• Brief:
Reproduce, please, only the lines from the first line below to the line containing "vw sirocco volkswagen", inclusive.

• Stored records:

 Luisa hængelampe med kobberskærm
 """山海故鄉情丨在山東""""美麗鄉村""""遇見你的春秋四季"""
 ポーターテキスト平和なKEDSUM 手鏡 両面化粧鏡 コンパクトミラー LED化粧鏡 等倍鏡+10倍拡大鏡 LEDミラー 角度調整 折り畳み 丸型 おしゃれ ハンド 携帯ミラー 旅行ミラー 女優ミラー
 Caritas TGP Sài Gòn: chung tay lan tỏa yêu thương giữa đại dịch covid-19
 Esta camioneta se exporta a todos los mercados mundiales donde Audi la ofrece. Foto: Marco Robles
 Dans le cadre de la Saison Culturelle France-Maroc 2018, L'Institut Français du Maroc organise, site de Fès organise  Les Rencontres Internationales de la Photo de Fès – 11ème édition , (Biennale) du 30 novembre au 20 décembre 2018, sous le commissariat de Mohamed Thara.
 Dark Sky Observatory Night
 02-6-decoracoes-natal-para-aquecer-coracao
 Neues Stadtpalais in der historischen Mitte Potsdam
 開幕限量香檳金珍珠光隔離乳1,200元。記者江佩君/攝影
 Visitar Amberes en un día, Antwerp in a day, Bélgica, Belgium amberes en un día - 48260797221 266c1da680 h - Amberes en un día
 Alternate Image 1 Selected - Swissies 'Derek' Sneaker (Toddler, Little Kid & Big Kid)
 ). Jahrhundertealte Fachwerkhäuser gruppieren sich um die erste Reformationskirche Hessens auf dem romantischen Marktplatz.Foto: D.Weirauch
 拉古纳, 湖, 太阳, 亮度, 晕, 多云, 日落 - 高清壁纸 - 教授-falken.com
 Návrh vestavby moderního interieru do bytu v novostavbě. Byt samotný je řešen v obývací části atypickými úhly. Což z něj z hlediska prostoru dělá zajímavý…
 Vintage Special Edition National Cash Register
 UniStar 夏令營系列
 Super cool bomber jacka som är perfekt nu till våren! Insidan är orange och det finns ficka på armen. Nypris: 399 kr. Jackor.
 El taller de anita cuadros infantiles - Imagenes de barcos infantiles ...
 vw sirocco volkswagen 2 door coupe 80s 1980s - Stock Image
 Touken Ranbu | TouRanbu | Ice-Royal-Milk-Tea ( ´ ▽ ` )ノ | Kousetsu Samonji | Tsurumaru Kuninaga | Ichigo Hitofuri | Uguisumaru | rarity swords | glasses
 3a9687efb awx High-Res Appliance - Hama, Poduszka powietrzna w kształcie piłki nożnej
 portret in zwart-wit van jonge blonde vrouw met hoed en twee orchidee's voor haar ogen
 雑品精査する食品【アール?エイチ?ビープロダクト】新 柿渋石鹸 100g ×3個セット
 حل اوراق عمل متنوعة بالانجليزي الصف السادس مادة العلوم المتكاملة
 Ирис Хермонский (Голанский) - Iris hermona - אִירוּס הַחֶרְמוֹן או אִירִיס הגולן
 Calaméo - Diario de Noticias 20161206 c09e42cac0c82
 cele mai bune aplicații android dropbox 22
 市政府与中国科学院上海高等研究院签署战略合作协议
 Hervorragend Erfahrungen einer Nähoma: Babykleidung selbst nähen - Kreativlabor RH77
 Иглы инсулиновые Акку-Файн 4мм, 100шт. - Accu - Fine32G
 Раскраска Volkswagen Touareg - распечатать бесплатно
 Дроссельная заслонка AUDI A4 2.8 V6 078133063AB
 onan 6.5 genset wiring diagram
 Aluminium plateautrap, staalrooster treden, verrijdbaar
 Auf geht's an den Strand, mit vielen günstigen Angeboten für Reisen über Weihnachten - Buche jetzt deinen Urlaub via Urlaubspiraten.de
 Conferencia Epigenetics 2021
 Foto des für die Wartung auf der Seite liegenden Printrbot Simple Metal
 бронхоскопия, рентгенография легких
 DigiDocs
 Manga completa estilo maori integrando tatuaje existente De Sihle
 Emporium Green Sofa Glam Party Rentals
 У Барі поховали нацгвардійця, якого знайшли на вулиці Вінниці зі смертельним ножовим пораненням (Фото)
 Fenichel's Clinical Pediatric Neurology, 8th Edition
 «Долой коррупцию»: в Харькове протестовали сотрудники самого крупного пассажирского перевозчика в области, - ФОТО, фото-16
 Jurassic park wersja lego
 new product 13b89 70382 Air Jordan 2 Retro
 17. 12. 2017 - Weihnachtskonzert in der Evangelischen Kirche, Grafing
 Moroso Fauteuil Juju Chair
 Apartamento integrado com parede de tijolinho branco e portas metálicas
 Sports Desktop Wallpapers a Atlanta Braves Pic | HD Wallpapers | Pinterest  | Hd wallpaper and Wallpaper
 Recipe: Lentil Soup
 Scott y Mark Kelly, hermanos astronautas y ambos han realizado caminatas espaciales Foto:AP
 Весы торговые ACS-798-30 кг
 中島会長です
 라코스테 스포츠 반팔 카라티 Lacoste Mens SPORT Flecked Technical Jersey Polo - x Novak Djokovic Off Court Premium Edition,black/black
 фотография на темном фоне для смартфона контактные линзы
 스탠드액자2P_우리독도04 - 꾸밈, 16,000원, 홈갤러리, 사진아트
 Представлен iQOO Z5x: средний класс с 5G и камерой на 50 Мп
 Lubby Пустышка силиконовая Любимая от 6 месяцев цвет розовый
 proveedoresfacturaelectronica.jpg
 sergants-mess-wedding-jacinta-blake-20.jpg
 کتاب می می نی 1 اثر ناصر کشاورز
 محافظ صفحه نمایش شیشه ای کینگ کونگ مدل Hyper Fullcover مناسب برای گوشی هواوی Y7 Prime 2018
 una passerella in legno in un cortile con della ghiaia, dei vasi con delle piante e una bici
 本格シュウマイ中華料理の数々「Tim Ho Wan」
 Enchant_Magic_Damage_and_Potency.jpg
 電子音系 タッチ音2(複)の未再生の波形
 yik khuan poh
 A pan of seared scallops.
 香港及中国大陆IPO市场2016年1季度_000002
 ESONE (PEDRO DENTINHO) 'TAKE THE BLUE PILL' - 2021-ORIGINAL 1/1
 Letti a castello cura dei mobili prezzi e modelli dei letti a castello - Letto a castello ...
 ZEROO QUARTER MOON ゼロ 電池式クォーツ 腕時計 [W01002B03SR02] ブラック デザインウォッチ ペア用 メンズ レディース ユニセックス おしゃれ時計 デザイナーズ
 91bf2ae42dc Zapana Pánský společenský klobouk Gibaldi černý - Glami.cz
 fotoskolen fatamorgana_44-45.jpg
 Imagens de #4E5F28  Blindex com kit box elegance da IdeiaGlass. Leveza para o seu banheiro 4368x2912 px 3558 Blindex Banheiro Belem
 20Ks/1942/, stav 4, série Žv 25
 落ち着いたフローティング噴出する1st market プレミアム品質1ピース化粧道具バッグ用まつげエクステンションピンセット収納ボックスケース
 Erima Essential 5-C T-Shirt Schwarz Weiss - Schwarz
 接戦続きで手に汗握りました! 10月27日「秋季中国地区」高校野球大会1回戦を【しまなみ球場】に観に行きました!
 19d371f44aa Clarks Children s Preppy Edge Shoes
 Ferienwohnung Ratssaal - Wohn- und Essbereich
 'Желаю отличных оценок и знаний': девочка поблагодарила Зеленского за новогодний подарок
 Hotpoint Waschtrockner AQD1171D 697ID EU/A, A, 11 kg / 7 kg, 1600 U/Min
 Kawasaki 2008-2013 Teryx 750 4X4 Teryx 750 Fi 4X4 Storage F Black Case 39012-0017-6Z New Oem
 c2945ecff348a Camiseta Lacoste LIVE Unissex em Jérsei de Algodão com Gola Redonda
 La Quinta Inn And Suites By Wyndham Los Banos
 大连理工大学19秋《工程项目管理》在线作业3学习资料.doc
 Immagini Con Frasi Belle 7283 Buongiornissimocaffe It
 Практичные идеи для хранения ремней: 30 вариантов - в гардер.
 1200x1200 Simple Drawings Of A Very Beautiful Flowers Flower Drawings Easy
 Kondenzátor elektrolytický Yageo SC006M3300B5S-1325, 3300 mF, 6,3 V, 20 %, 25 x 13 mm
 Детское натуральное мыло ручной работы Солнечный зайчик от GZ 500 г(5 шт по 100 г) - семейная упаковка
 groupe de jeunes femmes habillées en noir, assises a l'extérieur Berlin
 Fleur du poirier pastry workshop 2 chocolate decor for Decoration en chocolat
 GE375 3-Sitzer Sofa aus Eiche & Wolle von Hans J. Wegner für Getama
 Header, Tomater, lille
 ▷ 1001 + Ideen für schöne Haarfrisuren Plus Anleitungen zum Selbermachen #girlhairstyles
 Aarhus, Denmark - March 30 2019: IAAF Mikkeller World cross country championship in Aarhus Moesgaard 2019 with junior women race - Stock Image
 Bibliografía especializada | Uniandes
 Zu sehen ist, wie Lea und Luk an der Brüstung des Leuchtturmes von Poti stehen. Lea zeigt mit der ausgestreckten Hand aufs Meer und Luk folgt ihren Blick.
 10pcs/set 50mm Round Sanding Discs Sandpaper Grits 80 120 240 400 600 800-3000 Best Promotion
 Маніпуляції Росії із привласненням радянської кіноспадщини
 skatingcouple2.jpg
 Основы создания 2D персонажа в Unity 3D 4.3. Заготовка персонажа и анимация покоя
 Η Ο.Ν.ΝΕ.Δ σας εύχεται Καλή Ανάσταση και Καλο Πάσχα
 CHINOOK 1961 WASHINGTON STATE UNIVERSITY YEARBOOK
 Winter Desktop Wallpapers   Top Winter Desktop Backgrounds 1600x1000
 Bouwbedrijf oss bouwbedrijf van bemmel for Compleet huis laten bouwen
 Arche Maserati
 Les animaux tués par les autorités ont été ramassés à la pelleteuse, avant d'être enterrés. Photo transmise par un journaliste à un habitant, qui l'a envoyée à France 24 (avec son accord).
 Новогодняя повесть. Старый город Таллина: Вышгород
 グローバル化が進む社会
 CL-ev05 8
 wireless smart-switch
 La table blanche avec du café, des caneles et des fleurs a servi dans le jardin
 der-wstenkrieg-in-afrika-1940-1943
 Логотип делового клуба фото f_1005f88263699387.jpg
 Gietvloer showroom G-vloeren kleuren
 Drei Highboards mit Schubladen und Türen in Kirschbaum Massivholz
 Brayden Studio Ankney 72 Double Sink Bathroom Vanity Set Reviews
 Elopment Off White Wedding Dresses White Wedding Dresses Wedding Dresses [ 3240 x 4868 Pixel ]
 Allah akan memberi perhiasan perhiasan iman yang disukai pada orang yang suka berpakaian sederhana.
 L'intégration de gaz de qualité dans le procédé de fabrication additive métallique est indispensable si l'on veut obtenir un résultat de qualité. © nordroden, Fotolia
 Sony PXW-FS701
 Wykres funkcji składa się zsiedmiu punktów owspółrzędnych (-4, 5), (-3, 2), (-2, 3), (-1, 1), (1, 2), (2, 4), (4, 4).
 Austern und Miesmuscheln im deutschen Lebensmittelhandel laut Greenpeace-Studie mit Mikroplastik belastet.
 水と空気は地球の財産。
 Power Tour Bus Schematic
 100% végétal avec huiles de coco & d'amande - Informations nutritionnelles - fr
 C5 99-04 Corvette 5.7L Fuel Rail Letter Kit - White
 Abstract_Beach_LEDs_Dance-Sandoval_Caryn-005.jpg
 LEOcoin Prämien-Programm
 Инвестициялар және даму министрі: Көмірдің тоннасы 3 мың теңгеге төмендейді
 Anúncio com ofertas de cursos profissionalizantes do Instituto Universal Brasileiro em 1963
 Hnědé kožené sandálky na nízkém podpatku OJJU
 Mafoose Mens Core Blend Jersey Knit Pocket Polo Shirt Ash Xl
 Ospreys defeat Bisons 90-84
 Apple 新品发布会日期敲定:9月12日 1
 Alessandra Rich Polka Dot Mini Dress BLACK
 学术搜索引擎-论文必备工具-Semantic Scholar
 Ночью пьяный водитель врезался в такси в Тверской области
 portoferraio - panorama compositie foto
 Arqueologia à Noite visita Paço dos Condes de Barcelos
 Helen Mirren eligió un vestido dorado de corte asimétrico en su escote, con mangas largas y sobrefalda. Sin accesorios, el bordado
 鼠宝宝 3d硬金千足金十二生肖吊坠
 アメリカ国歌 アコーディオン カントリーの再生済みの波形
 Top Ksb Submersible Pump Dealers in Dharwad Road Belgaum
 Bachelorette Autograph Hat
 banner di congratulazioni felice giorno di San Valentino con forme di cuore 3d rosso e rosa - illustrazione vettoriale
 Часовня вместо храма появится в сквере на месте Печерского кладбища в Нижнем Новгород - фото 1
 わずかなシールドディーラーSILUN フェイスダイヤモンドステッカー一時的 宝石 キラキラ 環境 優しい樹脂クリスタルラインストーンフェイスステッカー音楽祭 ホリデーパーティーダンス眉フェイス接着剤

• Answer box:
 Luisa hængelampe med kobberskærm
 """山海故鄉情丨在山東""""美麗鄉村""""遇見你的春秋四季"""
 ポーターテキスト平和なKEDSUM 手鏡 両面化粧鏡 コンパクトミラー LED化粧鏡 等倍鏡+10倍拡大鏡 LEDミラー 角度調整 折り畳み 丸型 おしゃれ ハンド 携帯ミラー 旅行ミラー 女優ミラー
 Caritas TGP Sài Gòn: chung tay lan tỏa yêu thương giữa đại dịch covid-19
 Esta camioneta se exporta a todos los mercados mundiales donde Audi la ofrece. Foto: Marco Robles
 Dans le cadre de la Saison Culturelle France-Maroc 2018, L'Institut Français du Maroc organise, site de Fès organise  Les Rencontres Internationales de la Photo de Fès – 11ème édition , (Biennale) du 30 novembre au 20 décembre 2018, sous le commissariat de Mohamed Thara.
 Dark Sky Observatory Night
 02-6-decoracoes-natal-para-aquecer-coracao
 Neues Stadtpalais in der historischen Mitte Potsdam
 開幕限量香檳金珍珠光隔離乳1,200元。記者江佩君/攝影
 Visitar Amberes en un día, Antwerp in a day, Bélgica, Belgium amberes en un día - 48260797221 266c1da680 h - Amberes en un día
 Alternate Image 1 Selected - Swissies 'Derek' Sneaker (Toddler, Little Kid & Big Kid)
 ). Jahrhundertealte Fachwerkhäuser gruppieren sich um die erste Reformationskirche Hessens auf dem romantischen Marktplatz.Foto: D.Weirauch
 拉古纳, 湖, 太阳, 亮度, 晕, 多云, 日落 - 高清壁纸 - 教授-falken.com
 Návrh vestavby moderního interieru do bytu v novostavbě. Byt samotný je řešen v obývací části atypickými úhly. Což z něj z hlediska prostoru dělá zajímavý…
 Vintage Special Edition National Cash Register
 UniStar 夏令營系列
 Super cool bomber jacka som är perfekt nu till våren! Insidan är orange och det finns ficka på armen. Nypris: 399 kr. Jackor.
 El taller de anita cuadros infantiles - Imagenes de barcos infantiles ...
 vw sirocco volkswagen 2 door coupe 80s 1980s - Stock Image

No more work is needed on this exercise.